The companies that form the economic backbone of many cities are literally being held hostage by the state's policy on housing and public utilities. The same Seversky plant has been providing heat and hot water to Polevskoy since Soviet times. Many private citizens aren't paying their share for services: the debt is over 132 million rubles, 22 million of which are uncollectable. The company will have to write off that debt.

Given this picture, Russian metallurgists are hardly pleased with the 10% drop in exports since the beginning of 2013. Mikhail Zuev notes that the domestic market is very tight. The Russian economy is not really developing, and thus the country produces only 67 million tons of steel each year, while China manufactures 2 million tons per day.
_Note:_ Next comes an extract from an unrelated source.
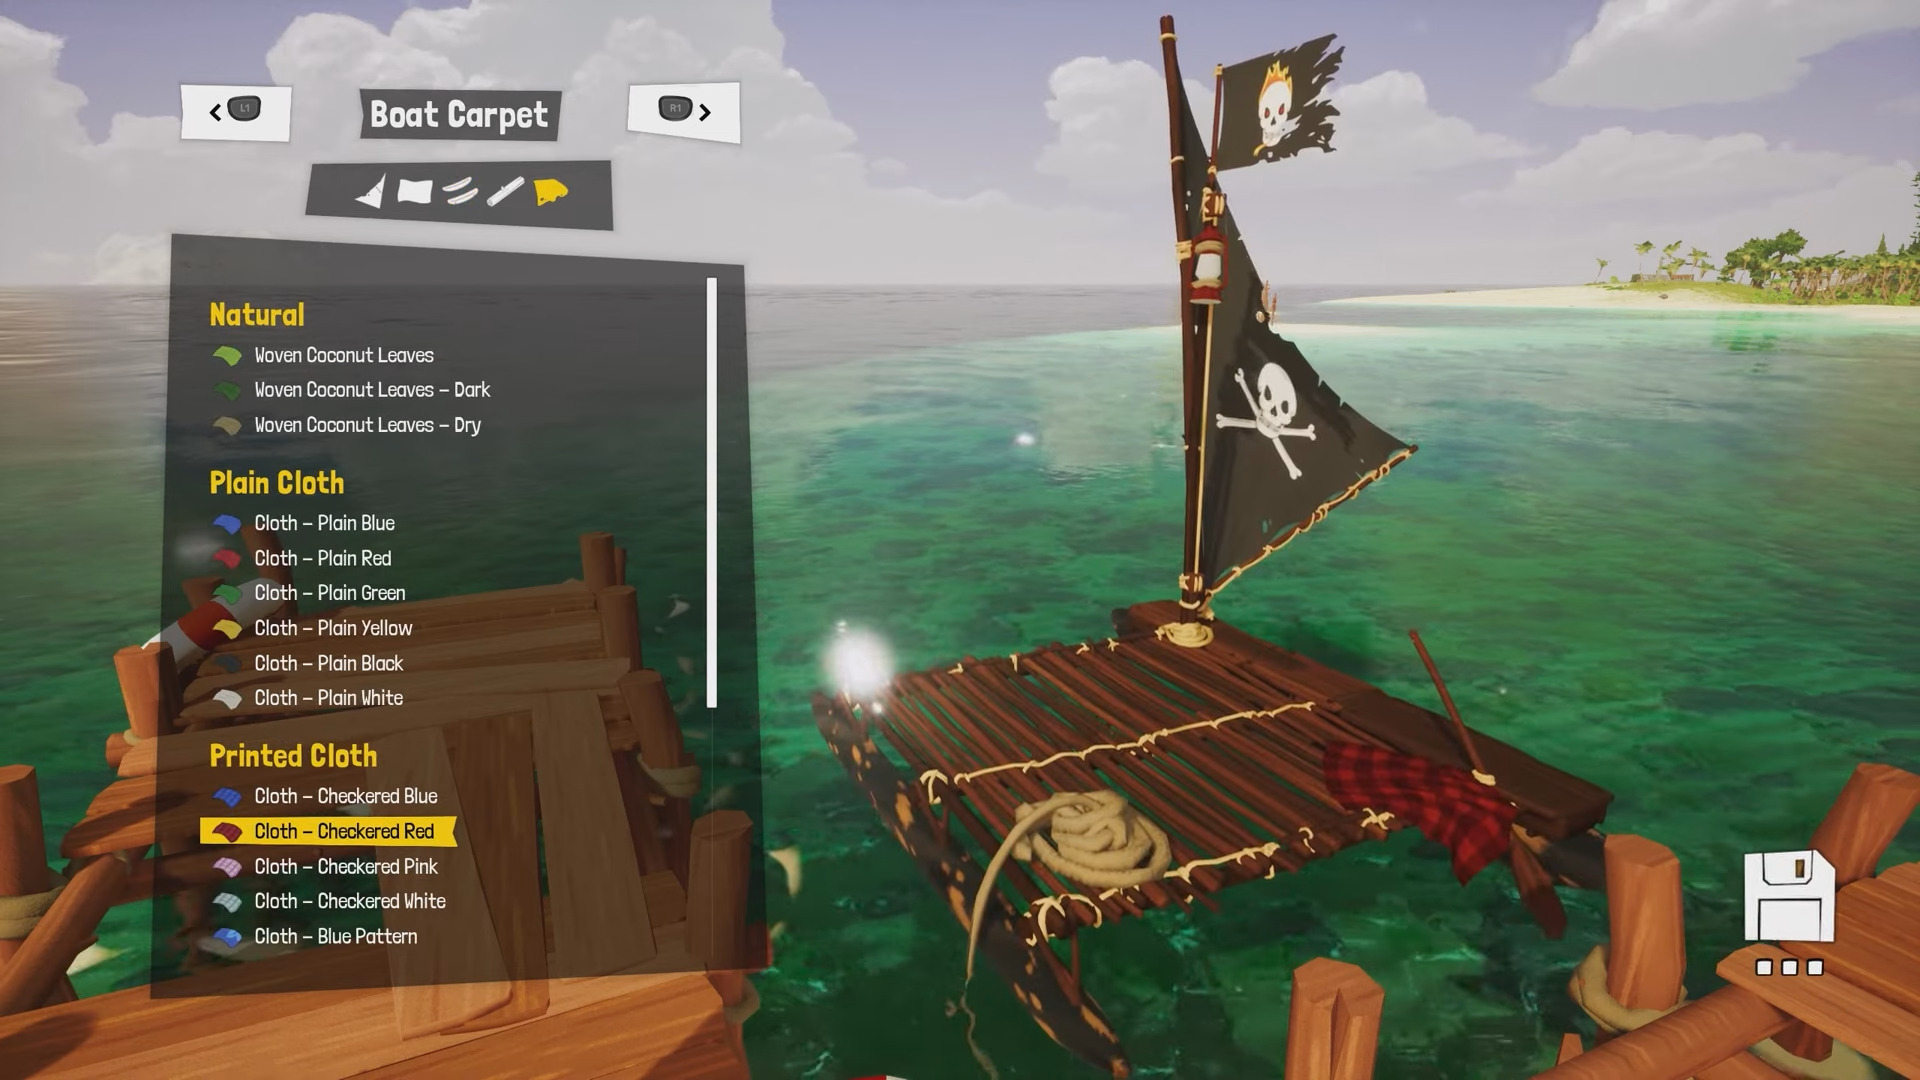 Awaceb ha parlato della personalizzazione del personaggio in Tchia. I giocatori potranno cercare abiti diversi, creare la propria barca e avere una macchina fotografica nel proprio arsenale. -10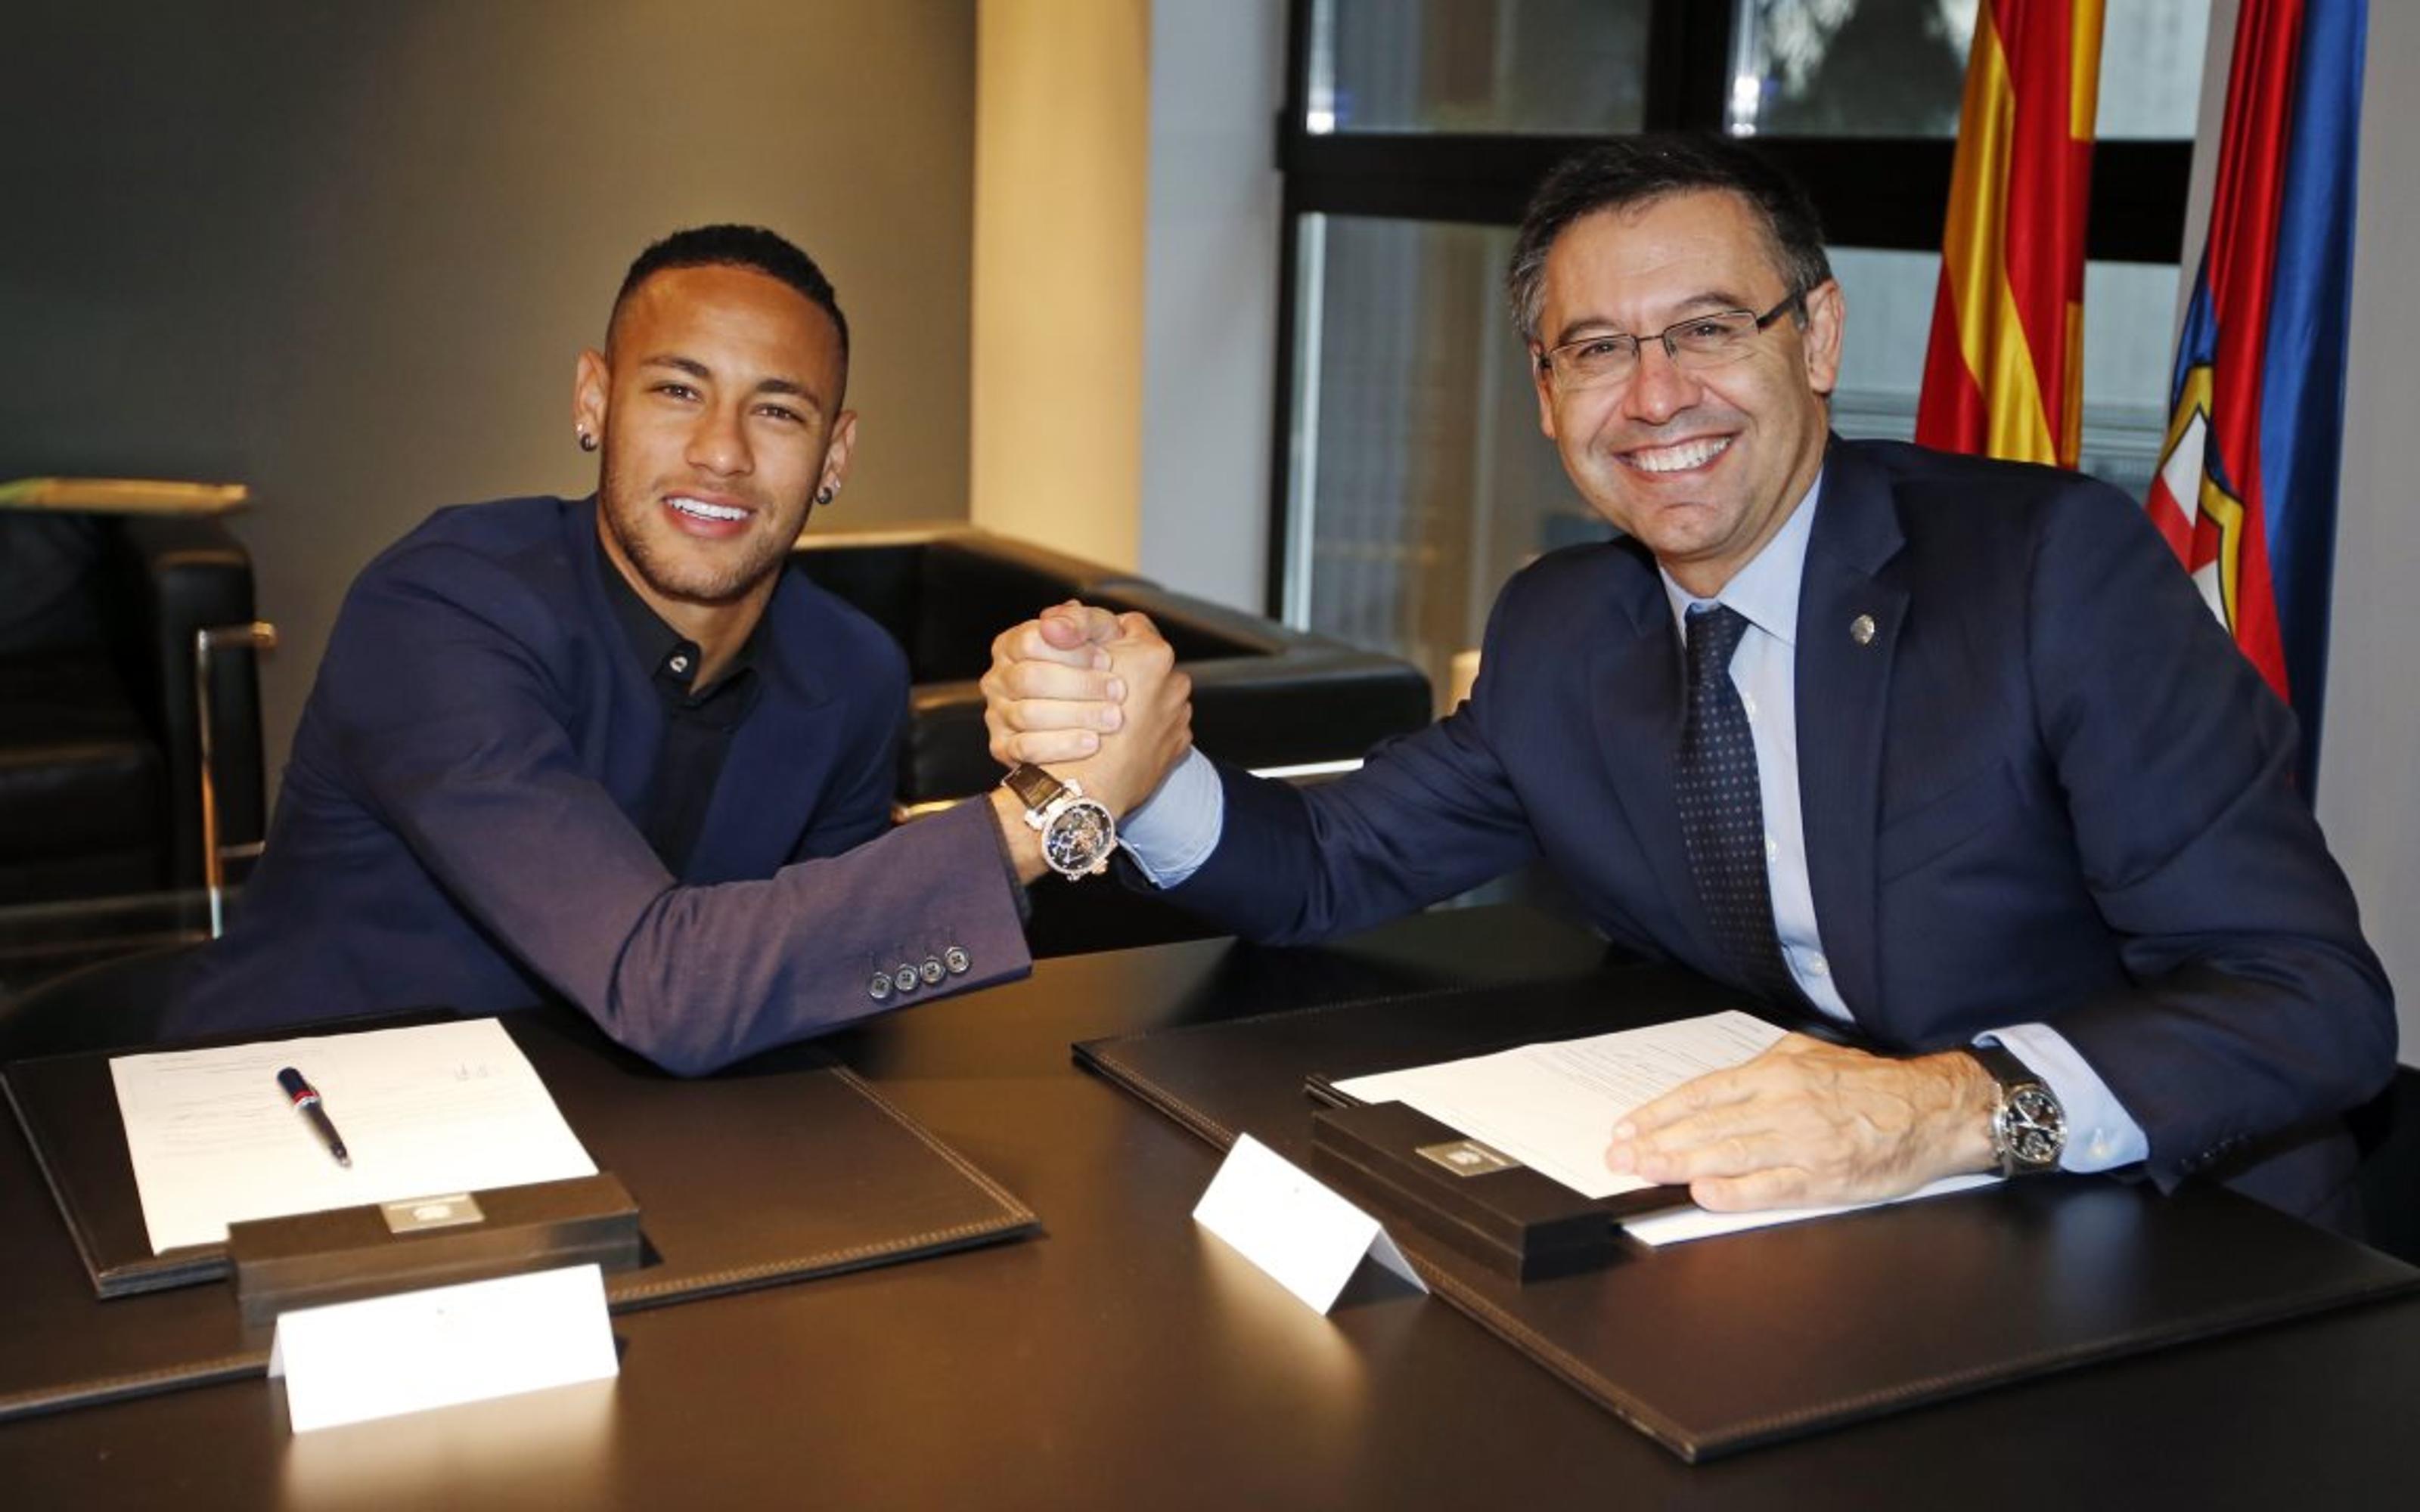 El Barça gana la batalla judicial a Neymar por el bonus de 43 millones de euros

Metal smelting in the Celestial Empire increased in the first quarter of this year due to greater domestic consumption.

Unlike the Chinese, Russian steelmakers are used to seeing increased production costs rather than growing sales. Alexander Polikarpov, the head of the freight research department at the Institute for the Problems of Natural Monopolies (IPEM), predicts that in 2013, 3% less iron and steel will be shipped via Russian Railways, OJSC. This expert claims that the biggest reason shipments are dropping is that the rising cost of electricity is making Russian steel uncompetitive. Mikhail Delyagin believes that Russian industry is sliding down a steep economic slope - and it's quite possible that the Russian government has not even noticed.